→ Work task
In your copy, reproduce each entry exactly and leave out the pictures.

....................

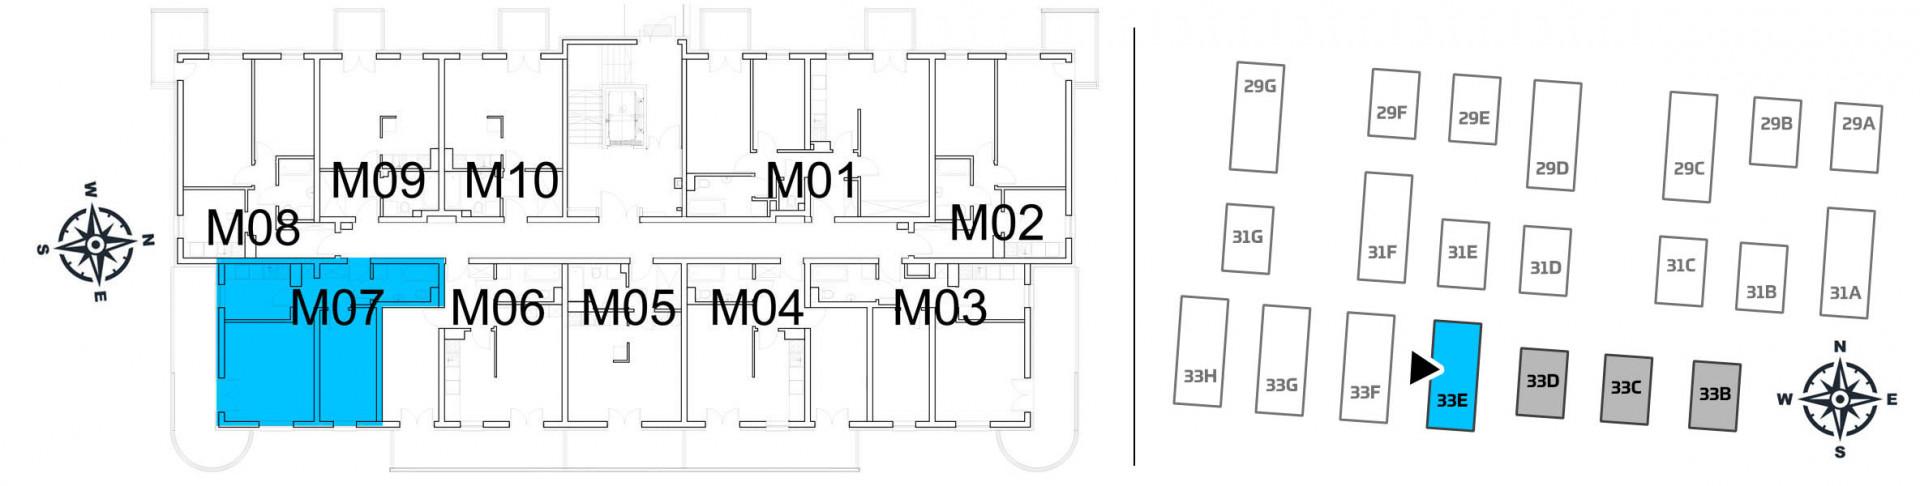 Mieszkanie dwupokojowe 33E/7 rzut 2
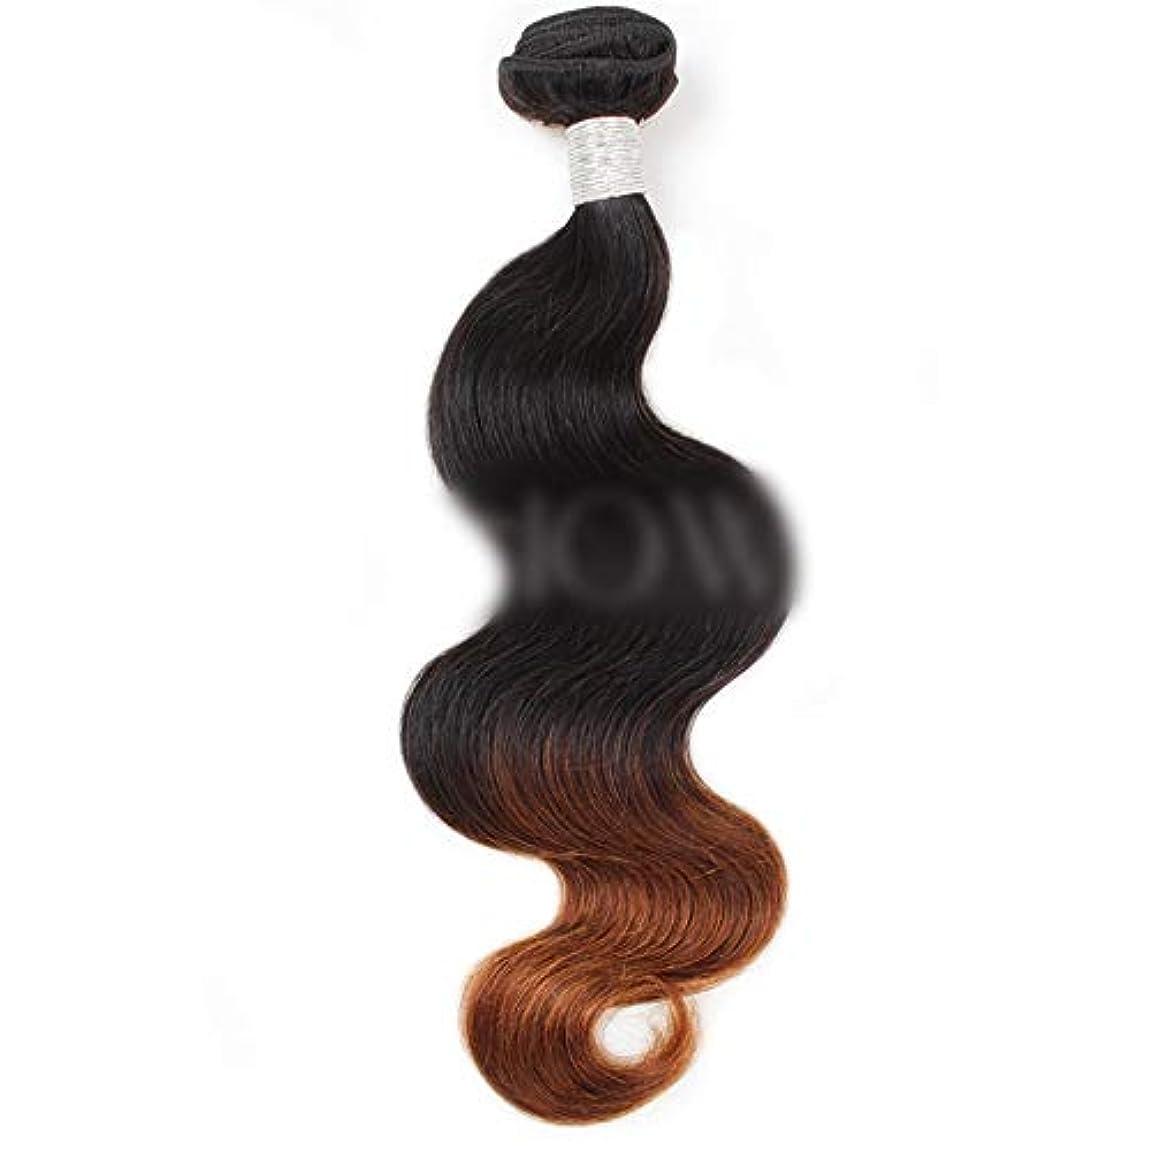 言語資格情報サッカーWASAIO クロージャ本体ブラジル髪バンドルバージン有するヒト織り - 1B / 4#2トーンカラーリング (色 : ブラウン, サイズ : 14 inch)
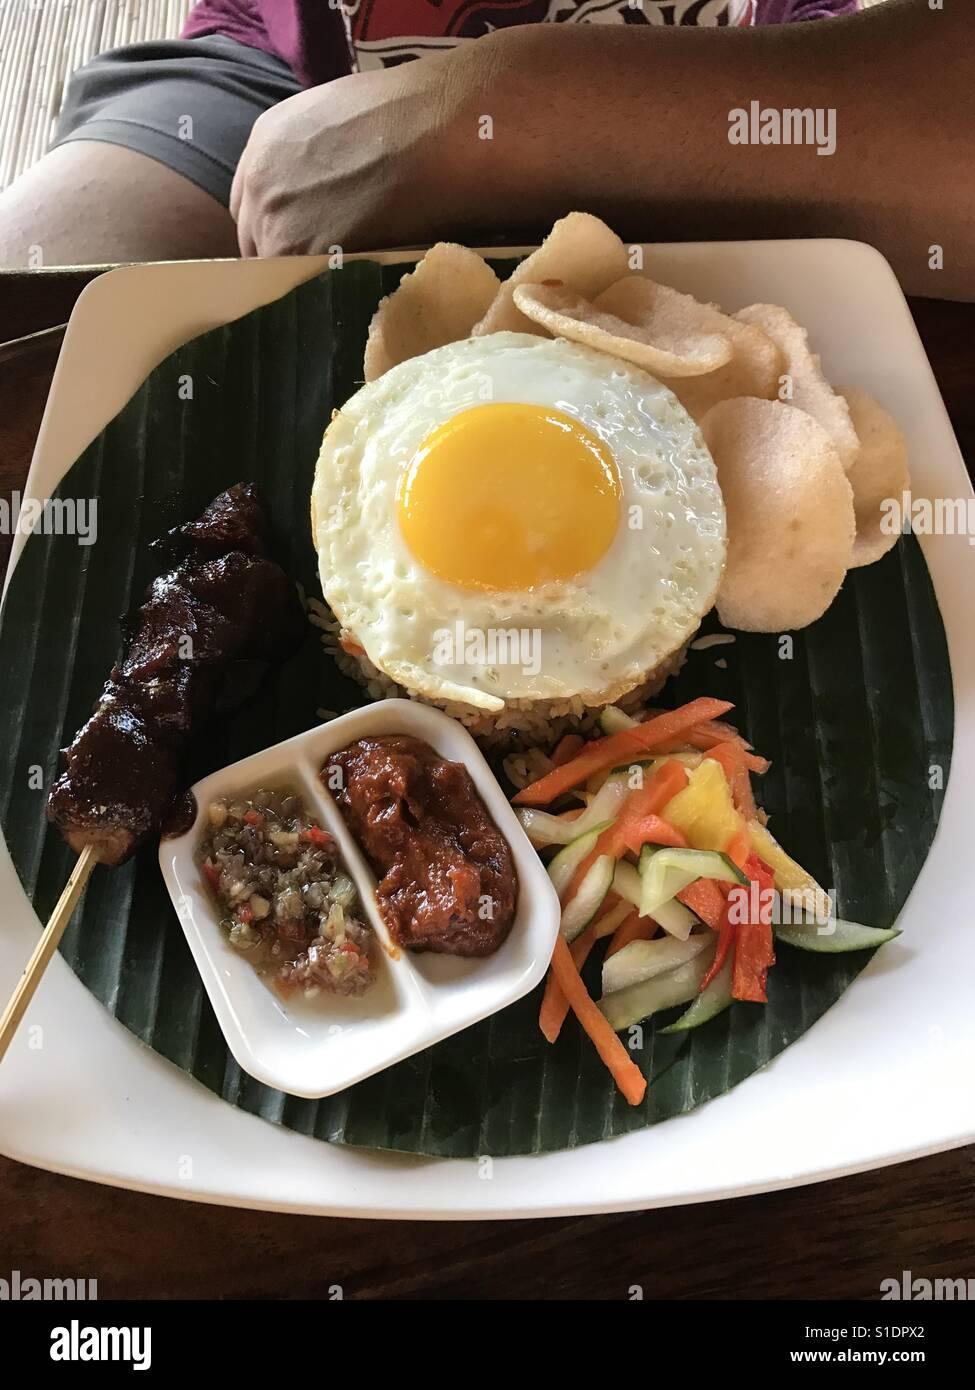 Balinesische Küche | Traditionelle Balinesische Kuche Stockfoto Bild 310704634 Alamy
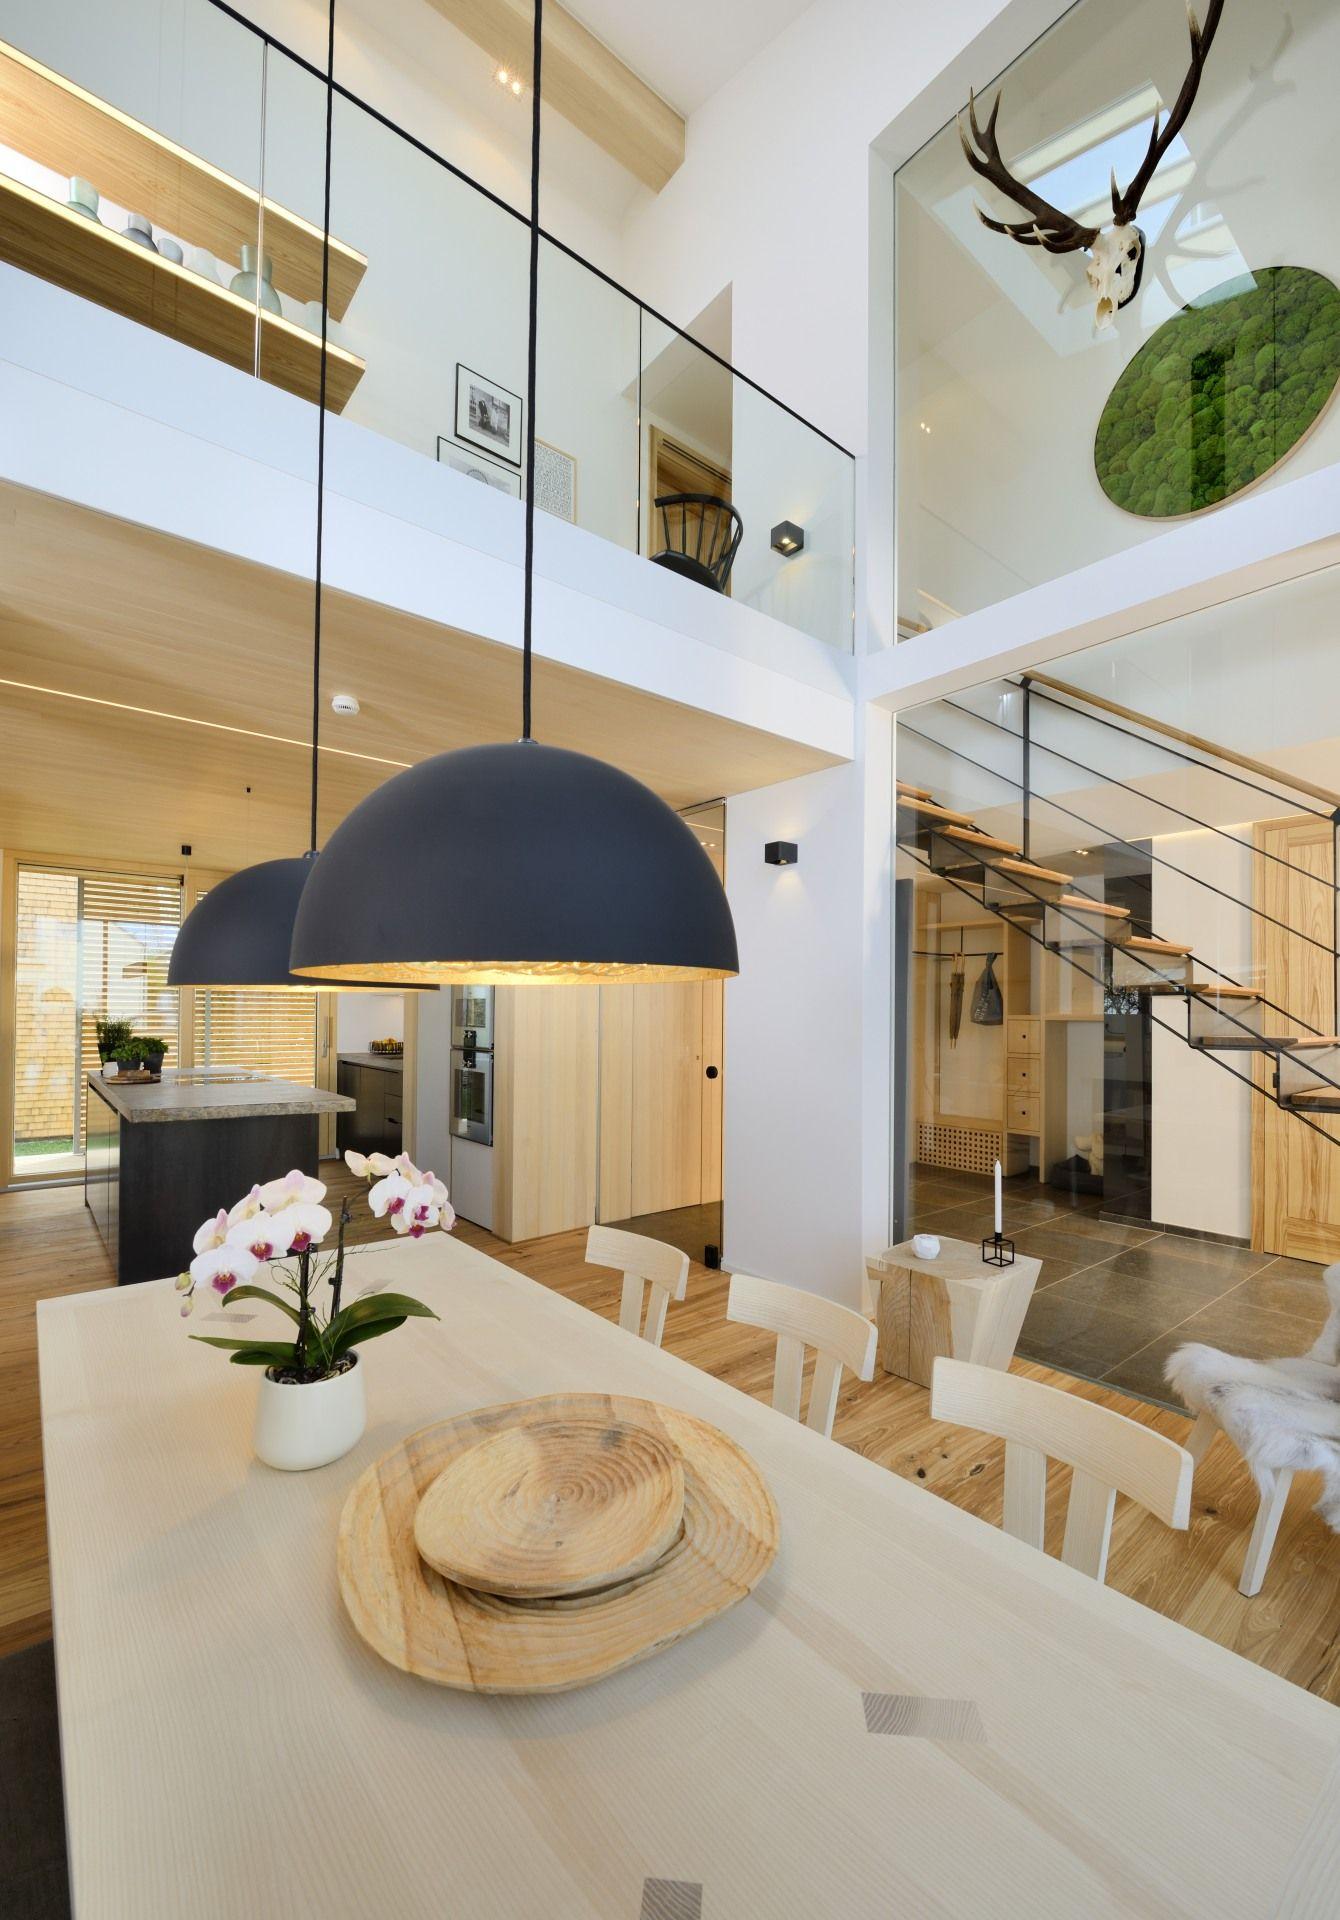 Lichtgalerie Uber Esszimmer Wohnen Zuhause Dekoration Wohnhaus
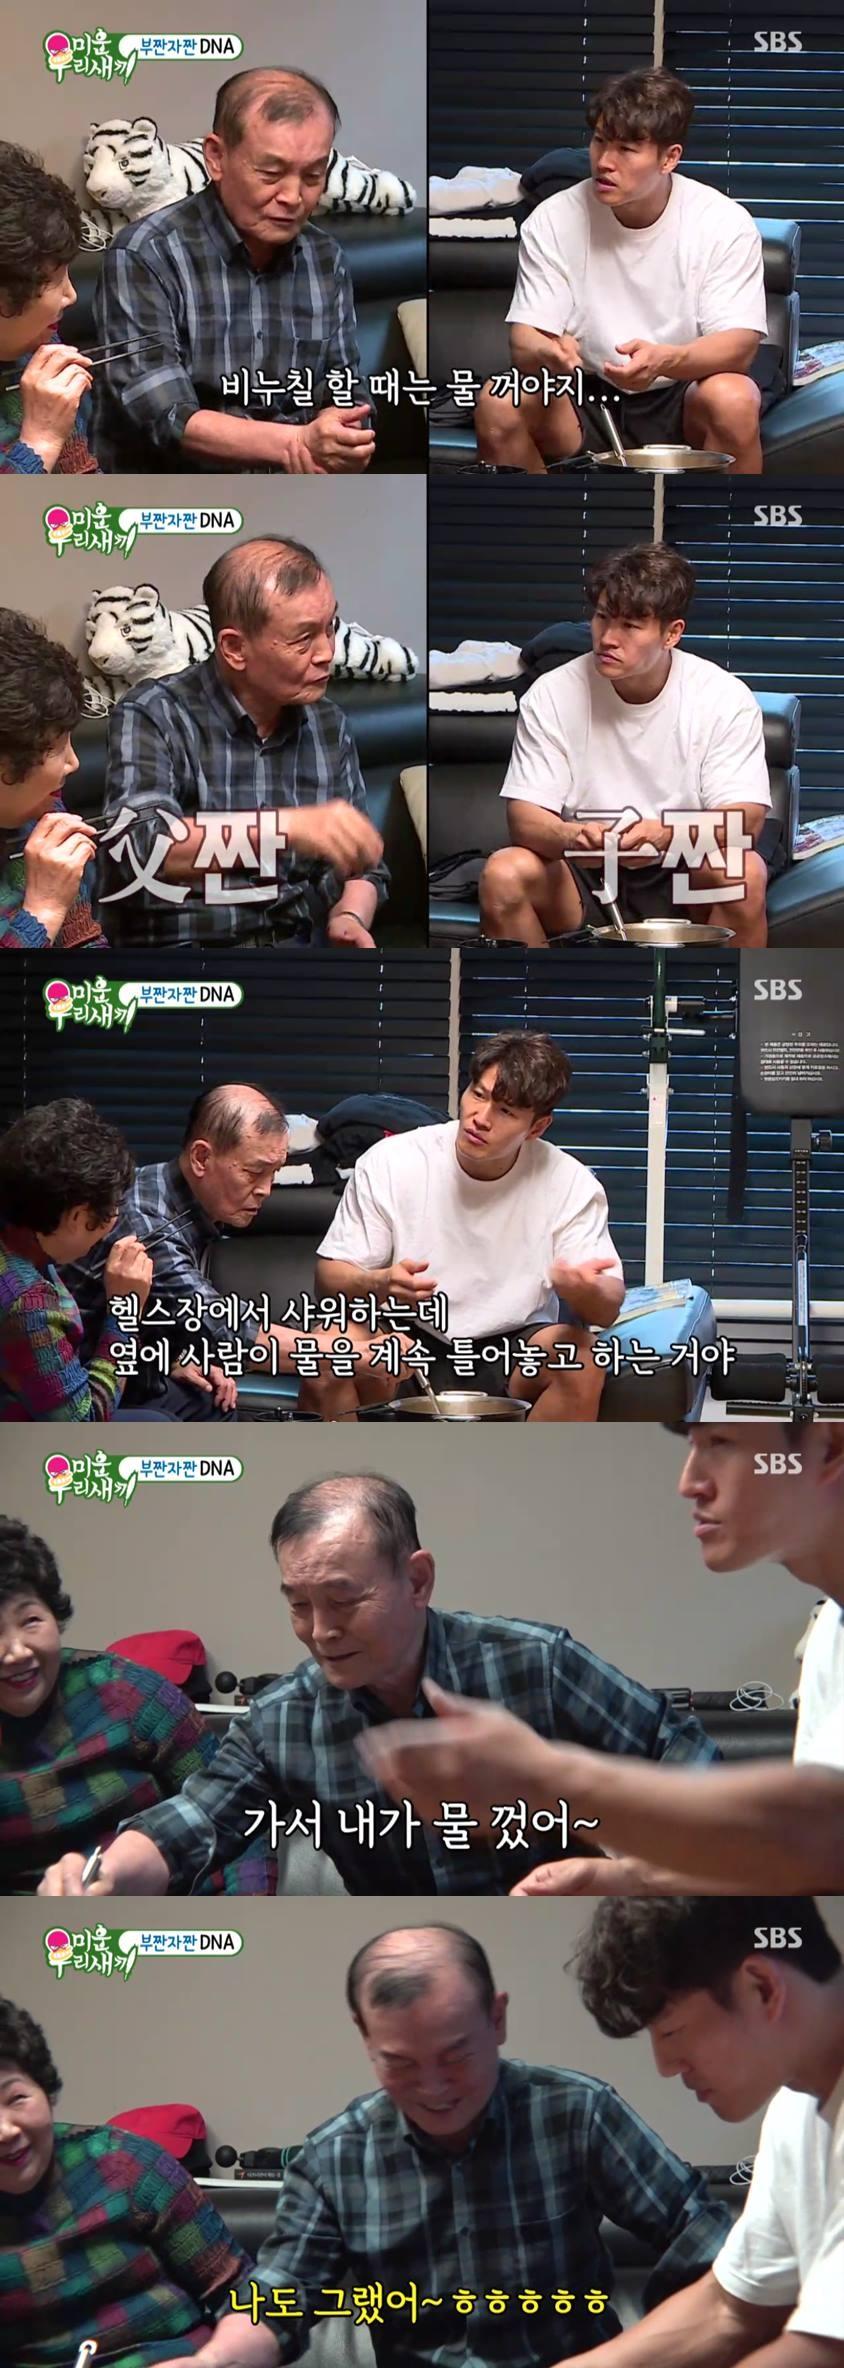 '미운우리새끼' 김종국, 부전자전 절약 에피소드 '최고의 1분' 등극

....................

→ Answer for this exercise
 Mieszkanie dwupokojowe 33E/7 rzut 2
 言語資格情報サッカーWASAIO クロージャ本体ブラジル髪バンドルバージン有するヒト織り - 1B / 4#2トーンカラーリング (色 : ブラウン, サイズ : 14 inch)
 Balinesische Küche | Traditionelle Balinesische Kuche Stockfoto Bild 310704634 Alamy
 Lichtgalerie Uber Esszimmer Wohnen Zuhause Dekoration Wohnhaus
 '미운우리새끼' 김종국, 부전자전 절약 에피소드 '최고의 1분' 등극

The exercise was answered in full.